Where a line of the records contains the word "Stock", show that line.

(Records contained in a dataset)
════
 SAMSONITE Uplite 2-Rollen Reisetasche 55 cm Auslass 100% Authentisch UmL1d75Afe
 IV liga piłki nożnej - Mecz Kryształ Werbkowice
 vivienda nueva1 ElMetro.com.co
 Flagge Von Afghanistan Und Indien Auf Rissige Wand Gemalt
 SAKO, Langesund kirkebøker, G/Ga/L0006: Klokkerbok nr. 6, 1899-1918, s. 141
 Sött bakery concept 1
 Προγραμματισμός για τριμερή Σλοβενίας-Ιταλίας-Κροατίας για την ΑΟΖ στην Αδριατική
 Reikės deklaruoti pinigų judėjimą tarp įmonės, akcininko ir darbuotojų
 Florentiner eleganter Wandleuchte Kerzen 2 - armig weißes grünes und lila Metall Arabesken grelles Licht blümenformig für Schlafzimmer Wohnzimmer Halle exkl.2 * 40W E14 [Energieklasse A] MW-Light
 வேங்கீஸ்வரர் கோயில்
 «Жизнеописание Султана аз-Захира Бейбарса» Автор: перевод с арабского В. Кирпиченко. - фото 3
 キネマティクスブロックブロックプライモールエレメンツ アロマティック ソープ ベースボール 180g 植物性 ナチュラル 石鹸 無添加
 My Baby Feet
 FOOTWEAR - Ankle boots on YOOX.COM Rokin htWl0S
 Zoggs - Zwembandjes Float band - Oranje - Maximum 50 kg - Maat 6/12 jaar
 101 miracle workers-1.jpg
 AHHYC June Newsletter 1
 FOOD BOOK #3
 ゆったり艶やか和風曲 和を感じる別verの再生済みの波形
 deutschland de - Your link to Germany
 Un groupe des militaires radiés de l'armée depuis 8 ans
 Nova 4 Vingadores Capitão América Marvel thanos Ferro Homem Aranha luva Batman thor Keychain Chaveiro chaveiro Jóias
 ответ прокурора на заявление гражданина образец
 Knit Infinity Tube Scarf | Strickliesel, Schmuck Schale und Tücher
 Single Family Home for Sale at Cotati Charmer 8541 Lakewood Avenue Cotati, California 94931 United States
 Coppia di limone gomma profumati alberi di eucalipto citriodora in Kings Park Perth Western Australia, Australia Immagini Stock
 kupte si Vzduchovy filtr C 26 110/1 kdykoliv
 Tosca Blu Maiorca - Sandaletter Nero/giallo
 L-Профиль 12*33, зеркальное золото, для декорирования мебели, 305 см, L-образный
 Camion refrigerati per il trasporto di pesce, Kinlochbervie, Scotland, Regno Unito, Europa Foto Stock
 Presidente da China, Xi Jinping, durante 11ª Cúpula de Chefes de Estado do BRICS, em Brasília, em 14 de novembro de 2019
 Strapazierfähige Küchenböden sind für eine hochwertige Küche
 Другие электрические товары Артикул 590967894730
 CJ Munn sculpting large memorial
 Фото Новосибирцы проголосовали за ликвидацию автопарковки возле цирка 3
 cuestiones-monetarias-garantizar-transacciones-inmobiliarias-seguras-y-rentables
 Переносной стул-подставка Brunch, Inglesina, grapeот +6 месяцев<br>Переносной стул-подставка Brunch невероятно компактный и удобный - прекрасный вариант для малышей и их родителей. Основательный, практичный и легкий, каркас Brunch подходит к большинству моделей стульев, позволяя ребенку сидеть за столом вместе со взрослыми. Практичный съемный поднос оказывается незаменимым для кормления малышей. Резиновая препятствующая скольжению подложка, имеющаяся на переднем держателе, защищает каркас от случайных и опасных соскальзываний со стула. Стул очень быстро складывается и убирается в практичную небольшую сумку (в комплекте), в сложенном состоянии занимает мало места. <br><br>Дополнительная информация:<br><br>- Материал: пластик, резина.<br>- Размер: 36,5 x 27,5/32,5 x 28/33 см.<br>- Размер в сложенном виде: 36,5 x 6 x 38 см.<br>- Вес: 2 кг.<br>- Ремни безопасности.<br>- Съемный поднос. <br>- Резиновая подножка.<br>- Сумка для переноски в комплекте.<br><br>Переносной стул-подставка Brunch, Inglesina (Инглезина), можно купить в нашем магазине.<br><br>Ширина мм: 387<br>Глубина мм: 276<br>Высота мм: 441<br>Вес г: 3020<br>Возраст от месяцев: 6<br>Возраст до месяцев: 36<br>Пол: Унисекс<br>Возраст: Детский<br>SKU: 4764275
════
_Your response_:
 Coppia di limone gomma profumati alberi di eucalipto citriodora in Kings Park Perth Western Australia, Australia Immagini Stock
 Camion refrigerati per il trasporto di pesce, Kinlochbervie, Scotland, Regno Unito, Europa Foto Stock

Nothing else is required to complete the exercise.